Voté mercredi par les sénateurs dans le cadre du projet de loi sur l’école de la confiance, l’amendement 100 - pas définitif - prévoit d’interdire le port de signes religieux aux parents accompagnateurs des sorties scolaires. Le rapporteur général de l’Observatoire de la laïcité, Nicolas Cadène, remet la mesure dans son contexte
Que prévoit le droit aujourd’hui ?
Dans l’état actuel des textes, seules les personnes qui exercent une mission de service public sont tenues au devoir de neutralité. Mais cela ne concerne pas les parents d’élèves accompagnateurs.
Pourtant, les sénateurs, à l’origine de l’amendement, disent avoir voulu combler un vide juridique…
De fait, non, il n’y a pas de vide juridique. Le Conseil d’Etat a été très explicite dans son étude du 19 décembre 2013. Il est précisé que les parents accompagnateurs, bénévoles, ne sont pas soumis à la neutralité. Deux exceptions : la perturbation au bon fonctionnement de la sortie scolaire, ou un trouble à l’ordre public.
Dans l’exposé des motifs, les sénateurs revendiquent que «le temps scolaire doit demeurer un espace où aucun signe religieux ostentatoire ne doit être exposé aux élèves». Qu’en dites-vous ?
Cette formulation surprend, notamment l'emploi du terme «ostentatoire» qui a été confondu, de toute évidence, avec «ostensible». Le sens juridique n'est pas du tout le même. Comme l'a rappelé le Conseil d'Etat, «ostentatoire» suppose que le port du signe religieux soit accompagné d'un comportement prosélyte, et donc de paroles, écrits ou actes. Ce qui, de fait, est déjà interdit à l'école et pour les parents accompagnateurs de sorties scolaires.

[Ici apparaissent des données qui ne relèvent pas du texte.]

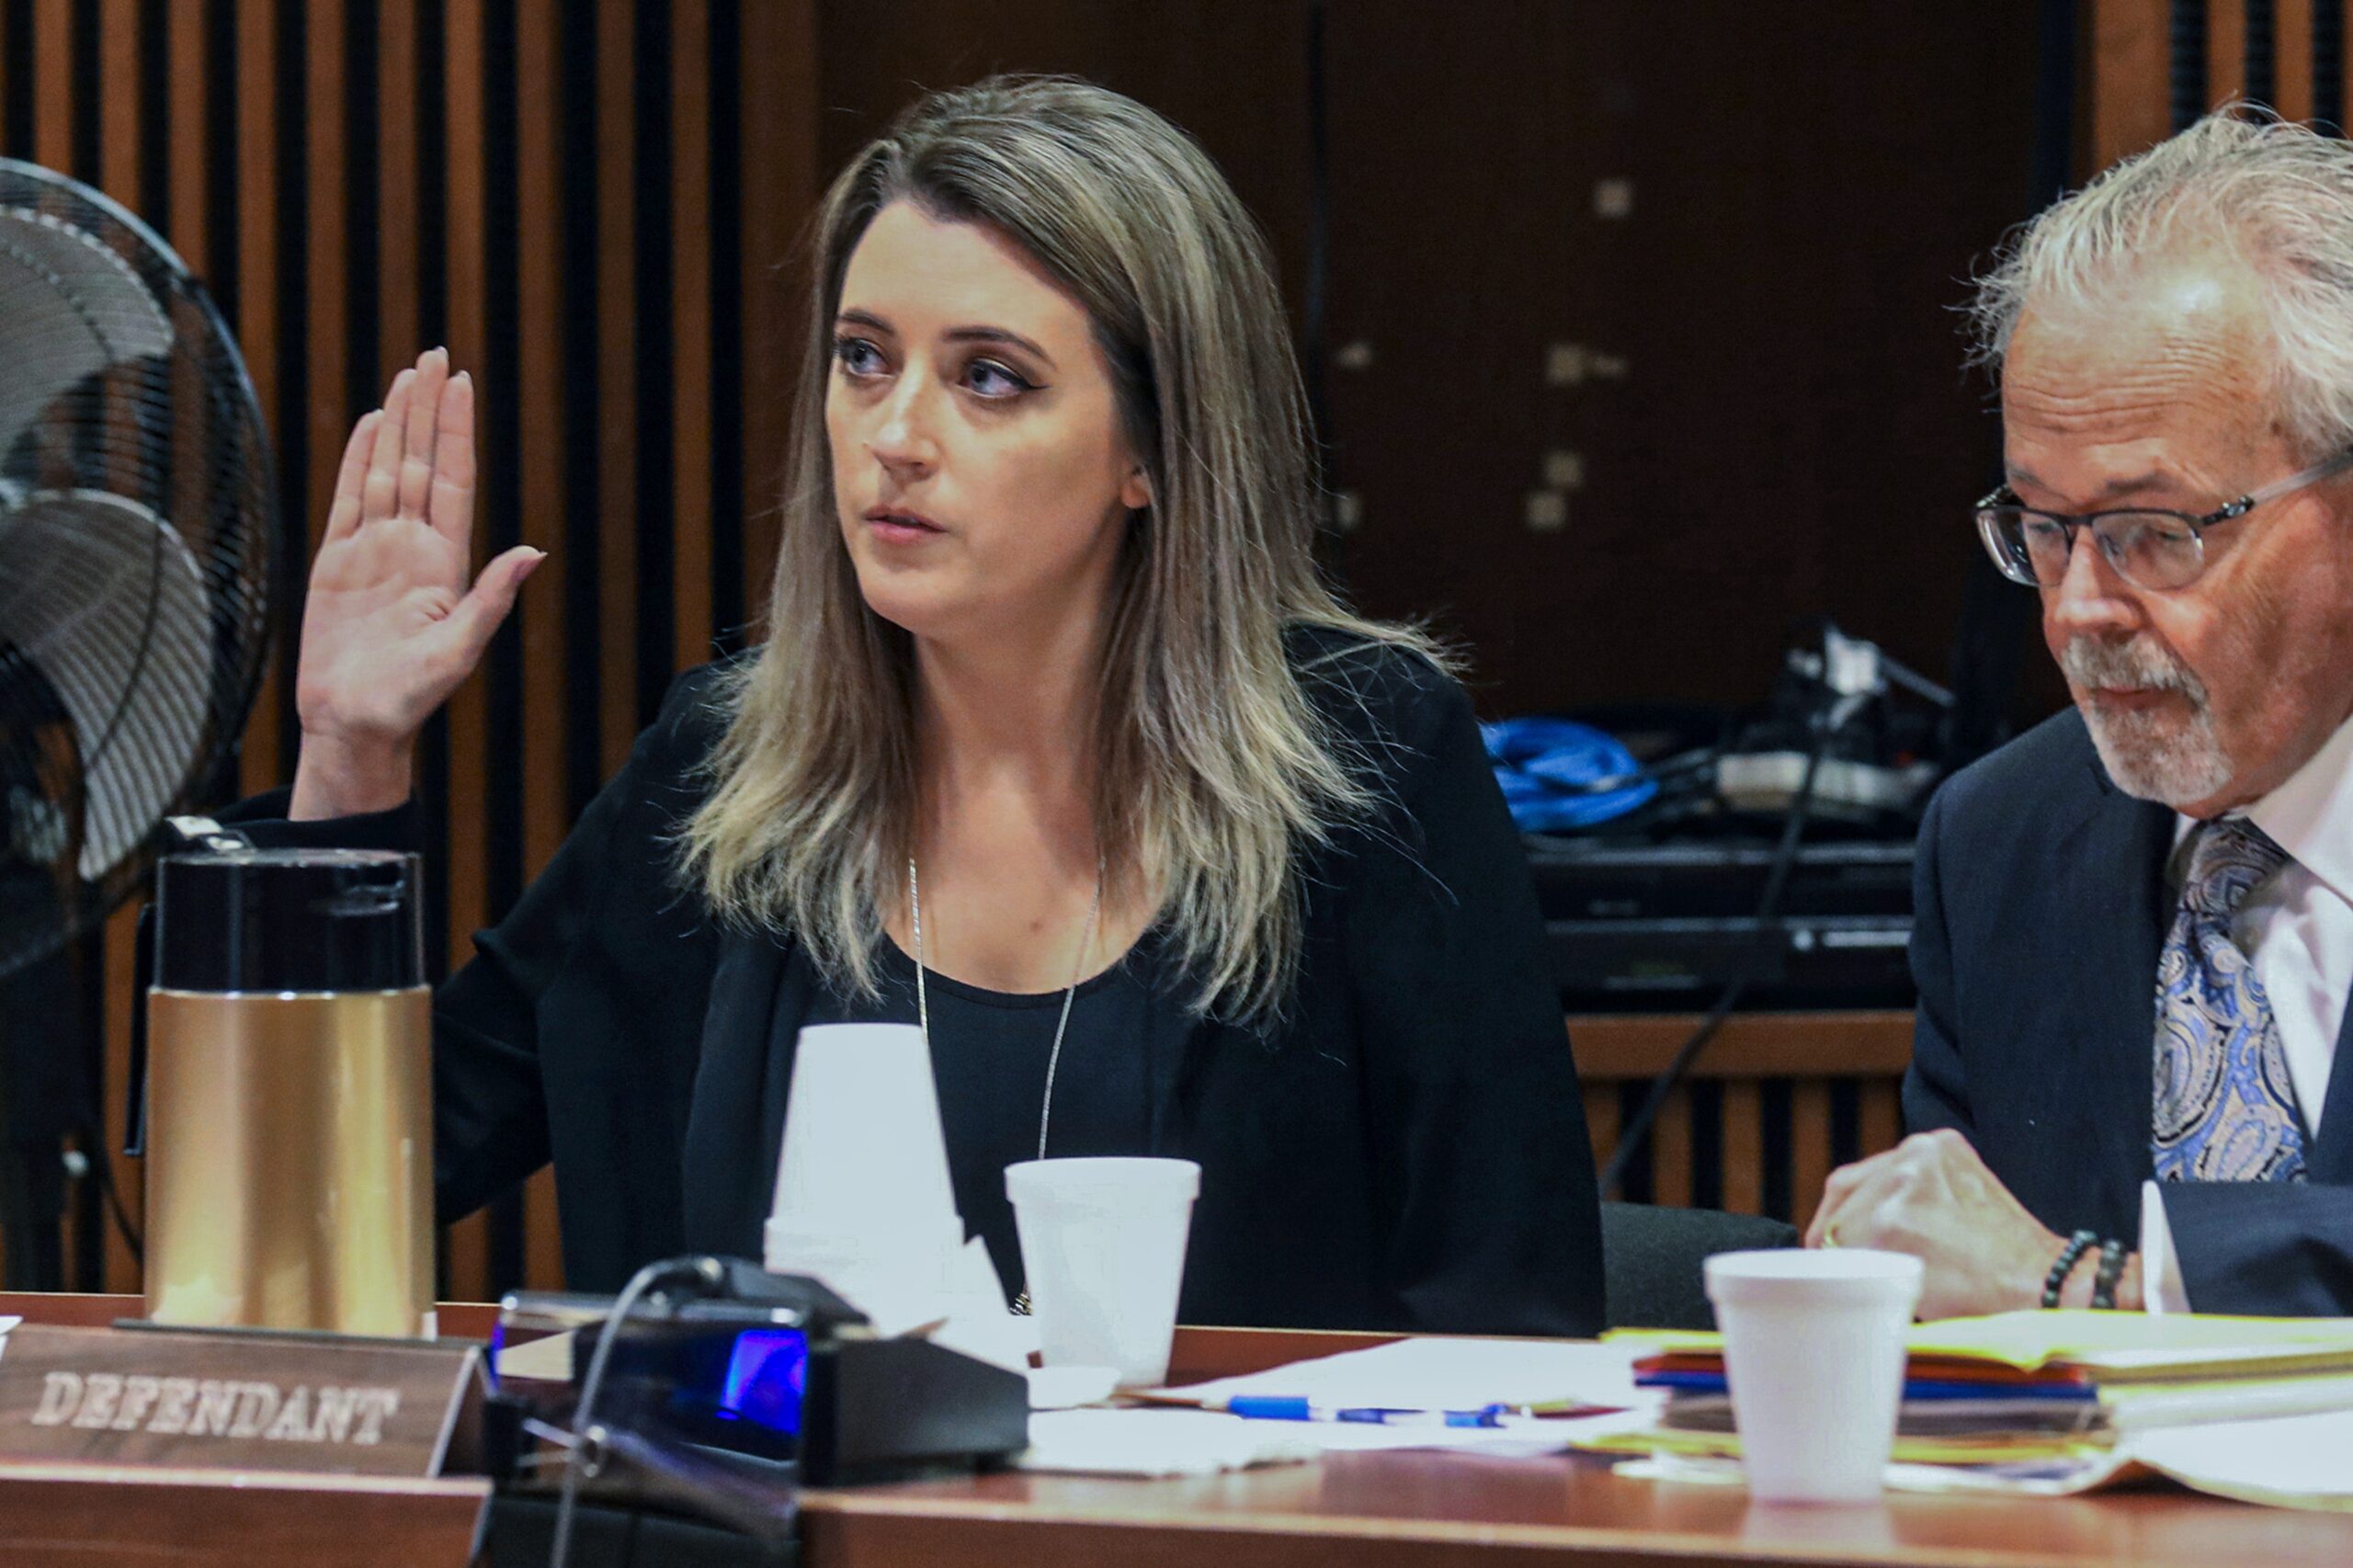 Kate McClure, 32, charged with theft by deception in the $400,00 GoFundMe scam, with her lawyer Jim Gerrow Jr., in State Superior Court, Burlington County Courthouse, Mt. Holly, N.J., April 15, 2019. A New Jersey judge sentenced McClure to a term of one year and one day in prison, for her role in the scam using a fake story about Johnny Bobbitt who was a homeless veteran. (David Swanson/The Philadelphia Inquirer via AP, fILE)
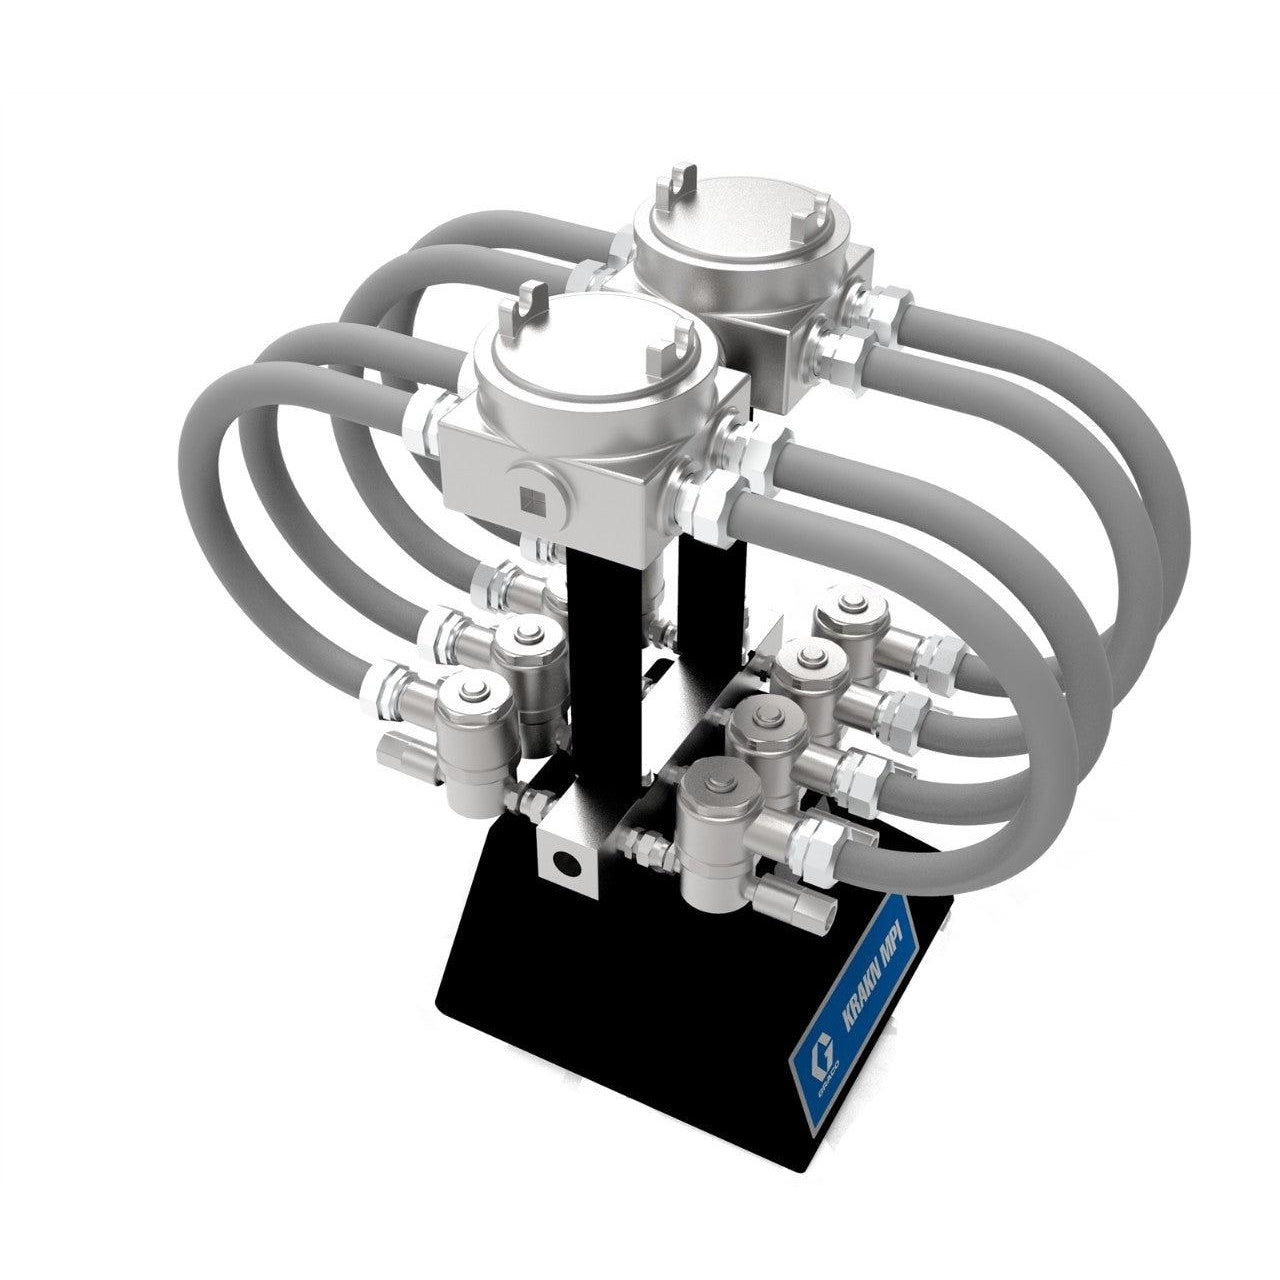 7 valve KRAKN MPI fluid manifold assembly, Class 1, Division 1 approved for Hazardous Locations

En l'occurrence, les sénateurs à l'origine de cet amendement cherchent à interdire le simple fait de porter un signe religieux «visible» au-delà de tout prosélytisme.
Dans l’hémicycle, l’opposition sénatoriale s’est élevée contre une mesure idéologique créant des problèmes là où il n’y en a pas. Et surtout, de nature à fragiliser les enfants de quartiers défavorisés…
Comme cela a été dit par des sénateurs, en raison d’une insuffisante mixité sociale, la crainte peut être émise que cette mesure législative, si elle était adoptée, aboutisse à quasiment priver ces établissements de sorties scolaires.